So when it was time last week to give up on wearing my long-sleeved sweaters anymore and to truck out my shorts and sleeveless tops for our early summer weather, I decided on a whim to throw on a pair of jeans.  They were never my favorite during an extended period of fashion when there was nothing but low-waisted and really low-waisted jeans. But these jeans did the job. They were good jeans. But I was too overweight to wear them.

Now I slipped them on. Thinking I would do my usual deep breath and have the button and zipper not come anywhere meeting. Luckily I was wrong.

No more snug than any pair of freshly washed jeans, I buttoned and zipped and sat down in them and did a small jig around my bedroom. I am able to fit in to some jeans TWO SIZES SMALLER than I was in January.

This was worthy of enough rejoicing. Yet even more would come today.

Number 2: I have lost 19 lbs. I am starting to see numbers on my scale I have not seen in 3 or 4 years at least.  I'm thinking closer to four.

Seeing the scale reading this morning almost made me cry with joy.  And this is only the beginning.

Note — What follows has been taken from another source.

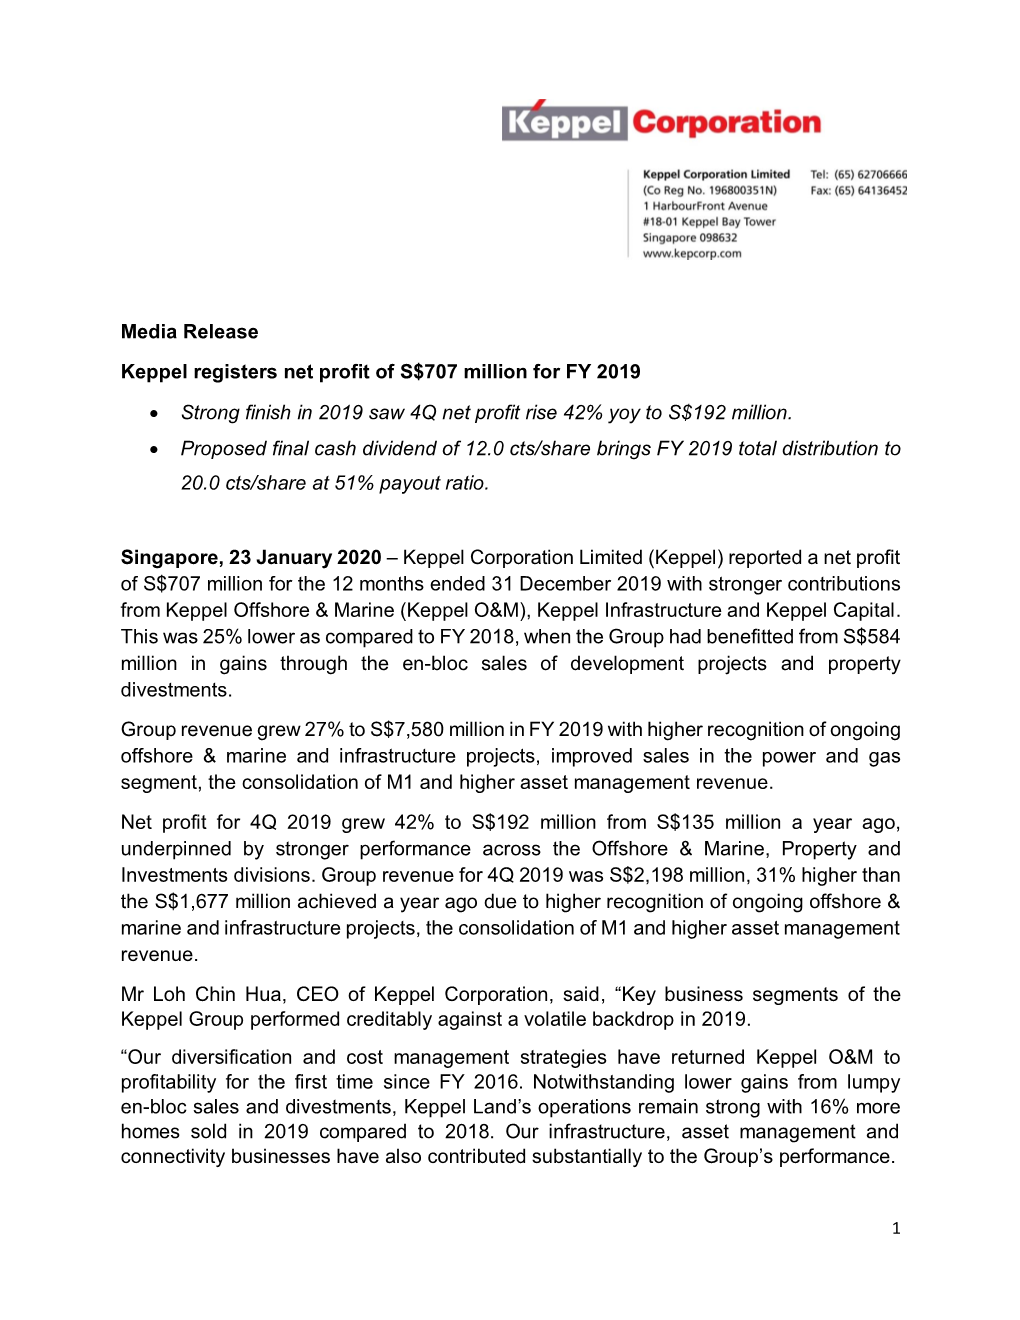 Media Release Keppel Registers Net Profit of S$707 Million for FY 2019

I have a long road yet ahead of me, but to have already made such good progress gives me joy and hope.

And if eighty percent of success is showing up, I'm going to continue to show up. And knock down the walls. And work my way methodically to a better version of me.

Tuesday, April 22, 2014

The Fat Fatwa: Recognizing What's Really Important

I knew that last week was going to be a bad week for weight loss. I didn't lose a single pound.

Why? I was traveling.

People who are living a fit and active lifestyle take advantage of things like on-site fitness centers while they travel. However, I had not done any really intense exercise in a while and knew that while on vacation was NOT the time to start. While maybe someday I can be one of those people who makes sure they hit a treadmill before leaving for the day, right now I am not that person. Right now I am that person who hasn't quite gotten past periods of being tired and ill and injuring too easily. Right now, I have to focus on the larger goal of getting healthier as my first priority.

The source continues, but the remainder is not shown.